→ Data supplied
==*==
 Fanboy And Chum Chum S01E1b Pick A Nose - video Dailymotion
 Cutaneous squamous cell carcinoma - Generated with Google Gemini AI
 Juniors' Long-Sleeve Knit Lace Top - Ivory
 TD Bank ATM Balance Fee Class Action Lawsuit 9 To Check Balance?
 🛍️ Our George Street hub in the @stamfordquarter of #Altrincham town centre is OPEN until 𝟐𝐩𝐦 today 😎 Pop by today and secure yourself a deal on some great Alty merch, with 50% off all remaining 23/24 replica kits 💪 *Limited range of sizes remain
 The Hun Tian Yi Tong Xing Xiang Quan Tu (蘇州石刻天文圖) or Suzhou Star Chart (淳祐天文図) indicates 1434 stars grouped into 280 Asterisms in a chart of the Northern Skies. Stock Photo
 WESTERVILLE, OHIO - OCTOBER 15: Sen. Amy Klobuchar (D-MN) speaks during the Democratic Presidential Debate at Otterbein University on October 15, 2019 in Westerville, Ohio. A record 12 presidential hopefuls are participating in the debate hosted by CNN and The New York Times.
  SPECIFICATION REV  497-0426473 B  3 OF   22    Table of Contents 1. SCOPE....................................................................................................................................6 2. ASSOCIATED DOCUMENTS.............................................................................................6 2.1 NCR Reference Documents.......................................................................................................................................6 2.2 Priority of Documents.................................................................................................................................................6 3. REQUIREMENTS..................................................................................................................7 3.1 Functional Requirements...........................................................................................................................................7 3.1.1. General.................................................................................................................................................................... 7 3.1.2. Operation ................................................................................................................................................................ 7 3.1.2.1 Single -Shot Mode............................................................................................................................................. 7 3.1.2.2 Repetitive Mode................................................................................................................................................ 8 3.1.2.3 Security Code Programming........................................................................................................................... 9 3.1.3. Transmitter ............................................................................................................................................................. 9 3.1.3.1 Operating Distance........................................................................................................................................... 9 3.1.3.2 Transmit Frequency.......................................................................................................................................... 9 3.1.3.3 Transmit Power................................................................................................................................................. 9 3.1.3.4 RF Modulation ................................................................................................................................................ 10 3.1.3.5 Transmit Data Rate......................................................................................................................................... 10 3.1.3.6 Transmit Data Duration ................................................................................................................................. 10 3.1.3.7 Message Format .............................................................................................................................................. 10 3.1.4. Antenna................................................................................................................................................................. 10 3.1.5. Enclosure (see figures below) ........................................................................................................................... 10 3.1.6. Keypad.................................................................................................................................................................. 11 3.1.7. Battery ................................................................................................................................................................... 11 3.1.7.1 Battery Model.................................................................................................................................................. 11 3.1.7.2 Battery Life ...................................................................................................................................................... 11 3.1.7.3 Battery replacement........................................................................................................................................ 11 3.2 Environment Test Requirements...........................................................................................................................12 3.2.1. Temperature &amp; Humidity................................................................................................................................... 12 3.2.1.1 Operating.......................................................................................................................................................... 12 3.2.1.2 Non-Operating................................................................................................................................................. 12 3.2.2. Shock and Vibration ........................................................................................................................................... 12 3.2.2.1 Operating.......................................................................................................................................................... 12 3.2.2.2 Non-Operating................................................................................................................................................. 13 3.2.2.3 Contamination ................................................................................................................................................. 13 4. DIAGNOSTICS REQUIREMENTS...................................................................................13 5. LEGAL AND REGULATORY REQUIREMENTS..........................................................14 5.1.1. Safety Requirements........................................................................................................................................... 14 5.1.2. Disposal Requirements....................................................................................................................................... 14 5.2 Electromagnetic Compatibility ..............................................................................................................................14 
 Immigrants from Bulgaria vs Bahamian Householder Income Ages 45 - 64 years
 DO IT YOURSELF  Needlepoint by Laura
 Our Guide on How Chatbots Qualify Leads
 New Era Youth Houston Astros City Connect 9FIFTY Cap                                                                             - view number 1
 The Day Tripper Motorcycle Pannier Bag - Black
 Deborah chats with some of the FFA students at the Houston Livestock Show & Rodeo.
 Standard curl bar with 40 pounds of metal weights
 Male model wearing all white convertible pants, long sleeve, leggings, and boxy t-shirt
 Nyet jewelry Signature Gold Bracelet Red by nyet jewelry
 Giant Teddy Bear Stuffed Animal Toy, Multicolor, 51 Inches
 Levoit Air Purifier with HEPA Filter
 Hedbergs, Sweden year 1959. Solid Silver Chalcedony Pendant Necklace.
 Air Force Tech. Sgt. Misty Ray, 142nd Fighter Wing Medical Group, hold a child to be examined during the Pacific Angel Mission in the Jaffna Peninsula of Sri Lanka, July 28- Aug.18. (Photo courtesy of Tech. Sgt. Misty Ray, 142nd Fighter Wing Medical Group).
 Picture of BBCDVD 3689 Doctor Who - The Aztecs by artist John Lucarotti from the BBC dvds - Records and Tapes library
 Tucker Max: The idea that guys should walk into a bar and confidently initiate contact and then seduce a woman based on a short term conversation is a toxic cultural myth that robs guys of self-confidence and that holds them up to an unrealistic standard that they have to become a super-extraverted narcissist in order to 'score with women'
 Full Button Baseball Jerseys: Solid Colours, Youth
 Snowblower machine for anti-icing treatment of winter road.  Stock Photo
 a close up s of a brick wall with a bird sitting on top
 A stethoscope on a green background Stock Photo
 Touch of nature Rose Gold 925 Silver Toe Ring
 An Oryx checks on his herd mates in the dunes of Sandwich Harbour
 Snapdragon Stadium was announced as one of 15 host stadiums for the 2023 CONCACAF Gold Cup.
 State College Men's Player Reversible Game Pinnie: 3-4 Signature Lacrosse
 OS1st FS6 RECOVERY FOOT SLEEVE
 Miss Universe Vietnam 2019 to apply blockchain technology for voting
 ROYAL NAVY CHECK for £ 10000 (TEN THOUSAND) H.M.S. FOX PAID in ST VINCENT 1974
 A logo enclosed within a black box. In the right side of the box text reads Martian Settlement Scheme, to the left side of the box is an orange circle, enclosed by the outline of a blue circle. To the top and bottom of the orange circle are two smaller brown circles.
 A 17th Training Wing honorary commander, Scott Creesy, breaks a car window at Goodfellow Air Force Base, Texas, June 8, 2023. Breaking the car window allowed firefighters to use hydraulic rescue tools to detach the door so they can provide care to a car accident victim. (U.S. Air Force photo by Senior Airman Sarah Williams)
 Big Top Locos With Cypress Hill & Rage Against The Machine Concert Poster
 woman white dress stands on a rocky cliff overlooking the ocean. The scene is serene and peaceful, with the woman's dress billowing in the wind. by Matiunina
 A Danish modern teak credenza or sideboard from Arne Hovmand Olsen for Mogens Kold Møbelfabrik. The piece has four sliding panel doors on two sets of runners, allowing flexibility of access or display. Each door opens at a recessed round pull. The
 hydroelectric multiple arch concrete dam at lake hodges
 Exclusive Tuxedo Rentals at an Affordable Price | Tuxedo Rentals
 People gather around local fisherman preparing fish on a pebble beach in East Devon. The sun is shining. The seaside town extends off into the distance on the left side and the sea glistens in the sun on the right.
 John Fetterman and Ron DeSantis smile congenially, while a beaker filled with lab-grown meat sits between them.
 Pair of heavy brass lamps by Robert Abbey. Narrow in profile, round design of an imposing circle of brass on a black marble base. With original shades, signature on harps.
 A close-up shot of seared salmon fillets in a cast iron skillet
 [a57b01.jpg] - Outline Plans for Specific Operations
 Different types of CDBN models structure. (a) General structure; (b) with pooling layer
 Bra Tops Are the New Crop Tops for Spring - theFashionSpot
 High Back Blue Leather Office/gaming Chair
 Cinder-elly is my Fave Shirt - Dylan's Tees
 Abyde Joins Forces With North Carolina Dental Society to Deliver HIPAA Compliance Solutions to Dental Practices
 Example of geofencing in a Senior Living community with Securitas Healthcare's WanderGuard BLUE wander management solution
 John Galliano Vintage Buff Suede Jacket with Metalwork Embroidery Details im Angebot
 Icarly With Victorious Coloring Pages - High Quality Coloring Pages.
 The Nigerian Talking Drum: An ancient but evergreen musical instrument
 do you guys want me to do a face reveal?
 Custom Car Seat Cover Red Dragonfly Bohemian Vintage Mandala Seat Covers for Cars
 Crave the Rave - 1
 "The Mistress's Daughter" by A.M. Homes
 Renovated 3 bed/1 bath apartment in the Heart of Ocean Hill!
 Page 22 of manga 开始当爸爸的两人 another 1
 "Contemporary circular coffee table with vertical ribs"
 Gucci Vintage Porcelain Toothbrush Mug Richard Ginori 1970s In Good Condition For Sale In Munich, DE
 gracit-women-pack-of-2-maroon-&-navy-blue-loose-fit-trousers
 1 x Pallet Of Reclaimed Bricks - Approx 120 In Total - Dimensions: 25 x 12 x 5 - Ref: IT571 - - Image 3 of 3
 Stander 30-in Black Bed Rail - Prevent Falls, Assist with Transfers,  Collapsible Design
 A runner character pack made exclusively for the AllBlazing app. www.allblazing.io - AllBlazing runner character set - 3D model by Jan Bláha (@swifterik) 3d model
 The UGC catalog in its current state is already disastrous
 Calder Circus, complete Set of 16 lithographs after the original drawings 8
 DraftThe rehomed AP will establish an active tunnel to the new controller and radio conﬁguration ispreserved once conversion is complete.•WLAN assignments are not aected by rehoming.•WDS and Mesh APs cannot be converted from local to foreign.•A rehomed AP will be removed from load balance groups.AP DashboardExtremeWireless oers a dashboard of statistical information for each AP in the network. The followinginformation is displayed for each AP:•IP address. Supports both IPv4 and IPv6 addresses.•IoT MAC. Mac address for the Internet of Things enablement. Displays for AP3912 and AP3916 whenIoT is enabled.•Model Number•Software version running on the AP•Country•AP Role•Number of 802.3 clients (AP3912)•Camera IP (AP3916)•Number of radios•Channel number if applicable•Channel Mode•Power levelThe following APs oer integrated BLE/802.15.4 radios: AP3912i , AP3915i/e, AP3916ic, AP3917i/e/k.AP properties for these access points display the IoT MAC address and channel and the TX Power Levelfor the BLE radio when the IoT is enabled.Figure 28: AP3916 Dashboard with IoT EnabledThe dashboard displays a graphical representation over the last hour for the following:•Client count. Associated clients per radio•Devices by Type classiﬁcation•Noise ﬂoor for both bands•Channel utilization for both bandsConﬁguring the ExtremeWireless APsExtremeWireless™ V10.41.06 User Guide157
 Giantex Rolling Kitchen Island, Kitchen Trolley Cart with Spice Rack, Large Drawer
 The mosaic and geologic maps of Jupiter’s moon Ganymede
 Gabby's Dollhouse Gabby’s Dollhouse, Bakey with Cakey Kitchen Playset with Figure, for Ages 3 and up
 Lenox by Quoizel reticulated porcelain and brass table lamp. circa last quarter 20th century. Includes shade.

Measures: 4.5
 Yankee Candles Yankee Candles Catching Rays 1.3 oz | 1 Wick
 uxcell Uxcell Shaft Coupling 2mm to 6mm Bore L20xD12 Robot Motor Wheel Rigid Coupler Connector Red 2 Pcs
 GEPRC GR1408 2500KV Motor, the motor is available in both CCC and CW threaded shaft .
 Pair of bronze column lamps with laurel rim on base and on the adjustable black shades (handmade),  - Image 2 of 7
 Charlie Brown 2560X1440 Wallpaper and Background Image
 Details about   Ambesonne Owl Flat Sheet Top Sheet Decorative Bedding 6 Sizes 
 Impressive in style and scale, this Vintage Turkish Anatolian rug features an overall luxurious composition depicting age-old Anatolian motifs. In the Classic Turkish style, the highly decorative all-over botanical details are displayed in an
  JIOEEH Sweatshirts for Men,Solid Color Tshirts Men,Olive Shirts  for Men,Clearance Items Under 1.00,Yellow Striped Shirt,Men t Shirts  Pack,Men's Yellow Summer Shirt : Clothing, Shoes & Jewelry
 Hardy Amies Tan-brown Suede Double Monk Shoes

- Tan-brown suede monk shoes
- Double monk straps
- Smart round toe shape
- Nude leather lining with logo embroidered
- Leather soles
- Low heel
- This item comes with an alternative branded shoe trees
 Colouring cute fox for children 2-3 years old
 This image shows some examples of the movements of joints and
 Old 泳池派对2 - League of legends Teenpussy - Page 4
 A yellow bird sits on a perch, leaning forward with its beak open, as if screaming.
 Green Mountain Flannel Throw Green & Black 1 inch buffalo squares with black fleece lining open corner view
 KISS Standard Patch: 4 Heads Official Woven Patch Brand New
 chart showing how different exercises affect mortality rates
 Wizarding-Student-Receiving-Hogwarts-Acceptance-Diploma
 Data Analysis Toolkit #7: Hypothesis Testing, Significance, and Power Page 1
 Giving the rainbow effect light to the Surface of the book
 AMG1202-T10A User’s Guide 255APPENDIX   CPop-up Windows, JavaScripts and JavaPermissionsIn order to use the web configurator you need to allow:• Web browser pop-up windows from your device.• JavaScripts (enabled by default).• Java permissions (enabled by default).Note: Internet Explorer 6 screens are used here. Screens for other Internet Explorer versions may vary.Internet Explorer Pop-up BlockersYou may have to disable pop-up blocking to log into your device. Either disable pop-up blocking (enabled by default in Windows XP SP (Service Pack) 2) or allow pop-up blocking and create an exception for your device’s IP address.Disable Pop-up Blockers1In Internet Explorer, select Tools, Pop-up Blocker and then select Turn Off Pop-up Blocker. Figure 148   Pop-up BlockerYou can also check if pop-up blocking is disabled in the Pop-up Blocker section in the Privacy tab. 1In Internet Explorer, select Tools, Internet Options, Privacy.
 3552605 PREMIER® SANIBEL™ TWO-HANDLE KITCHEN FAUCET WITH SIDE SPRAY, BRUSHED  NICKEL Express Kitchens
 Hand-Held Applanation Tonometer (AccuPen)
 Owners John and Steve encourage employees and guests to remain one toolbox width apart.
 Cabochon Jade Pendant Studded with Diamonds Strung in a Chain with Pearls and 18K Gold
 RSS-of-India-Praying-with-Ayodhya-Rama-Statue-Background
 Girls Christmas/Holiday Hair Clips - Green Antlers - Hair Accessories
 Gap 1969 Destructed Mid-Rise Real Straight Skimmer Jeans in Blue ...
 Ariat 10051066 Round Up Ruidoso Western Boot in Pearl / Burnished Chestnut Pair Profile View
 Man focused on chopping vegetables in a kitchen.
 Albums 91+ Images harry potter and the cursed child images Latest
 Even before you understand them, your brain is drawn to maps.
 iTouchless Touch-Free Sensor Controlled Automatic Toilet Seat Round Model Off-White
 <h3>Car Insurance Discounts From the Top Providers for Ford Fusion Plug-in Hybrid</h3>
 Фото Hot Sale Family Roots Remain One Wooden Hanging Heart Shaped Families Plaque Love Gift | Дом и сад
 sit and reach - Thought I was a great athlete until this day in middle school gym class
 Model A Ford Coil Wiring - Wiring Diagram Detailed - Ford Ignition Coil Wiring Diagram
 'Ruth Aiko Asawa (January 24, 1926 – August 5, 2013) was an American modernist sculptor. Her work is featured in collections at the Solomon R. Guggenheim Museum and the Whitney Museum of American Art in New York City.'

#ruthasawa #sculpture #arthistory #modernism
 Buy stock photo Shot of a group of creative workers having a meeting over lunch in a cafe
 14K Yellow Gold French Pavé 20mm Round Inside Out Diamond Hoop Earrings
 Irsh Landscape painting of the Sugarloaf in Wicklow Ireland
==*==
→ What is expected
From the data above, reproduce word for word the lines running from the line with "Crave the Rave - 1" to the line with "Calder Circus, complete", ends included.

→ Exercise result
 Crave the Rave - 1
 "The Mistress's Daughter" by A.M. Homes
 Renovated 3 bed/1 bath apartment in the Heart of Ocean Hill!
 Page 22 of manga 开始当爸爸的两人 another 1
 "Contemporary circular coffee table with vertical ribs"
 Gucci Vintage Porcelain Toothbrush Mug Richard Ginori 1970s In Good Condition For Sale In Munich, DE
 gracit-women-pack-of-2-maroon-&-navy-blue-loose-fit-trousers
 1 x Pallet Of Reclaimed Bricks - Approx 120 In Total - Dimensions: 25 x 12 x 5 - Ref: IT571 - - Image 3 of 3
 Stander 30-in Black Bed Rail - Prevent Falls, Assist with Transfers,  Collapsible Design
 A runner character pack made exclusively for the AllBlazing app. www.allblazing.io - AllBlazing runner character set - 3D model by Jan Bláha (@swifterik) 3d model
 The UGC catalog in its current state is already disastrous
 Calder Circus, complete Set of 16 lithographs after the original drawings 8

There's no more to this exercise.